For another: guest list restrictions will very likely be politicized. Even if not, NASA will be open to charges to that effect.

Finally, space tourism is a proven concept. Even if the industry (such as it is) sees a lull of a decade or more, people's desire to go won't disappear just because the means to fly might be unavailable for a while. The market will always be there, waiting. It doesn't need to be kept on government life-support.

In earlier commentary, I argued that NASA's initial resistance to hosting paying guests on ISS wasn't utterly idiotic. After all, there is great political symbolism in the program, and taking paying guests could raise some thorny issues.

Here, I suggest that, rather than rely on some combination of bureaucracy, PR strategizing, and selection based on ability to cover certain (or uncertain) costs, we make the process democratic in the most exemplary ways. If non-astronauts are to fly in space using the vehicles of democracies' space programs, they should be selected as citizens, by citizens, in a manner that reflects a desire to modernize and improve democracy itself.

Premature commercialization may take us down quite a different road.

There is no sign hoisted over NASA infrastructure saying, "We reserve the right to refuse service to anyone." But it would be naive to assume that there aren't already criteria in place. Every potential customer raises new issues.

Were Lance Bass's past performances carefully scrutinized for profanity and sexual suggestiveness not long after his name came up, prompted by a call from Tom Delay's office? Maybe that's my imagination, but it's not exactly a stretch. A smart NASA staffer knows that you don't wait for Tom Delay to call. If David Bowie hasn't considered negotiations, it may only be because he knows better than to think he'd make the cut.

It hasn't been bad so far, I admit. It's hard to imagine a better choice than Dennis Tito -- an American, educated as an aerospace engineer, his wealth self-made in the financial services sector, and (luckily, in retrospect) in an unexceptionable manner, untainted by the excesses of the Bubble.

Mark Shuttleworth presented a slightly different picture: a South African, and a lucky beneficiary of a huge windfall from the Bubble, which was probably the history's biggest transfer of wealth from small investors -- most of them American -- to the undeserving. That's not Shuttleworth's fault, of course, but it's certainly not to his credit.

One can, however, argue that both Tito and Shuttleworth were true citizens -- the first from one of the world's longest-running democracies, the second from one of the world's youngest. And Shuttleworth, to be fair, kept very busy on ISS. Upon his return, he became something of an activist (even the best kind of troublemaker) on behalf of education in South Africa, and endowed an education fund with some of his Bubble winnings.

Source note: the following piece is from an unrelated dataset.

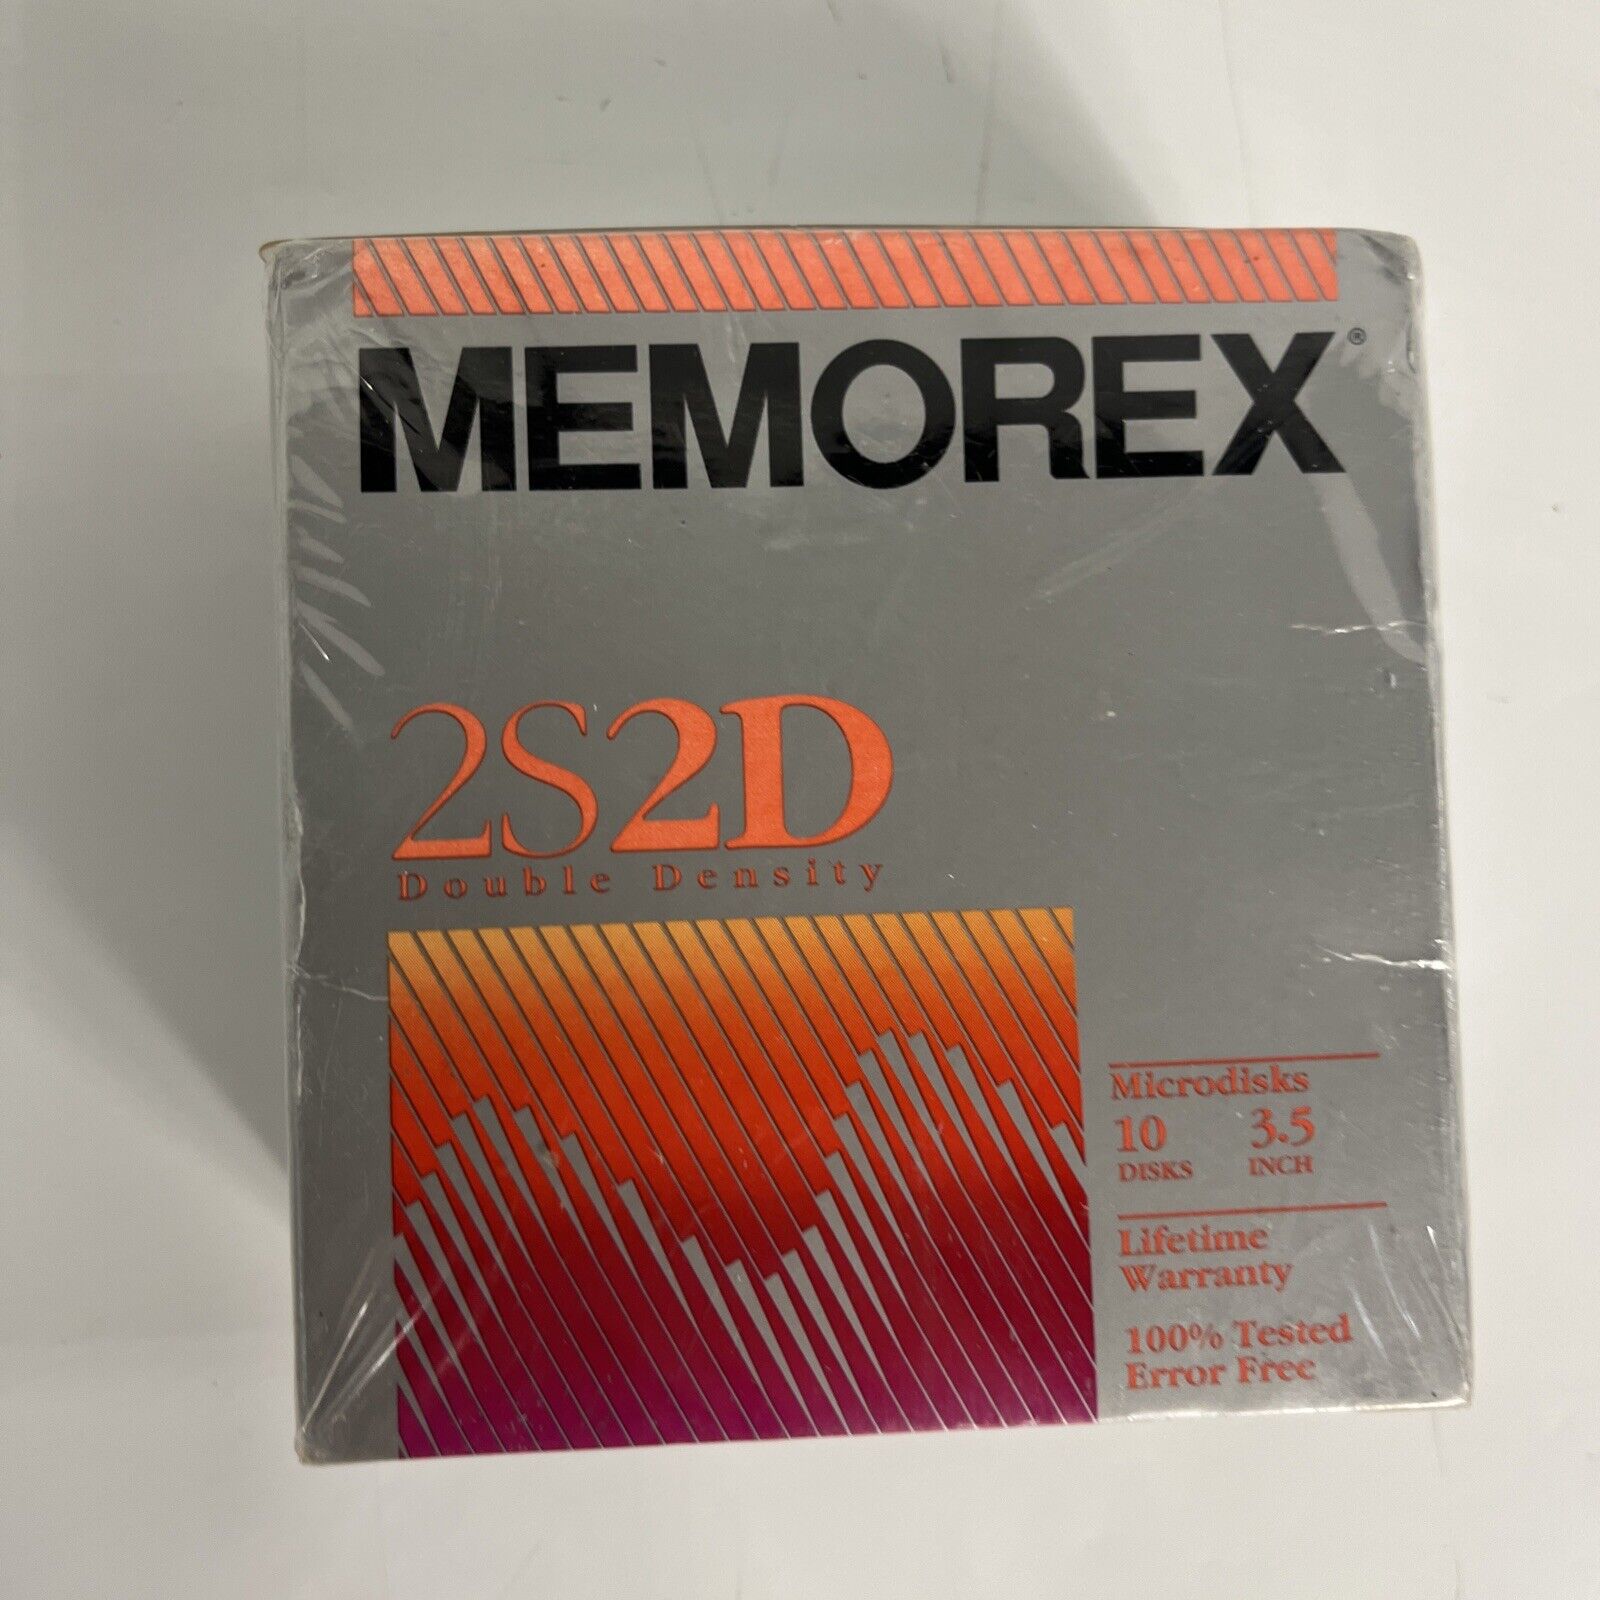 Memorex 2S/2D Double Sided Double Density 3 1/2 Inch Microdisks • 1 Box of 10

More interesting questions are raised by looking at one early Shuttle passenger: HRH Sultan ibn Salman Abdelaziz Al-Saud, a nephew of King Fahd. A space tourist predating Dennis Tito by over a decade? Well, maybe not, but he's worth a look. Especially since he's now Minister of Tourism for Saudi Arabia.

Salman al-Saud is described with diplomatic vagueness in lists of Shuttle payload specialists as being "on hand" in 1985 for the ARABSAT-A deployment; and as a "legitimate representative" of Arabsat, one of NASA's "paying customers." Digging deeper for credentials, you won't find much. He held the rank of Lieutenant Colonel, but that's pretty insignificant compared to the rank of Nephew to the King, in a country encompassing some 25% of the world's oil reserves. Higher education? The official biography tells us only that, after high school, he "...went on to study communications and aviation in the United States."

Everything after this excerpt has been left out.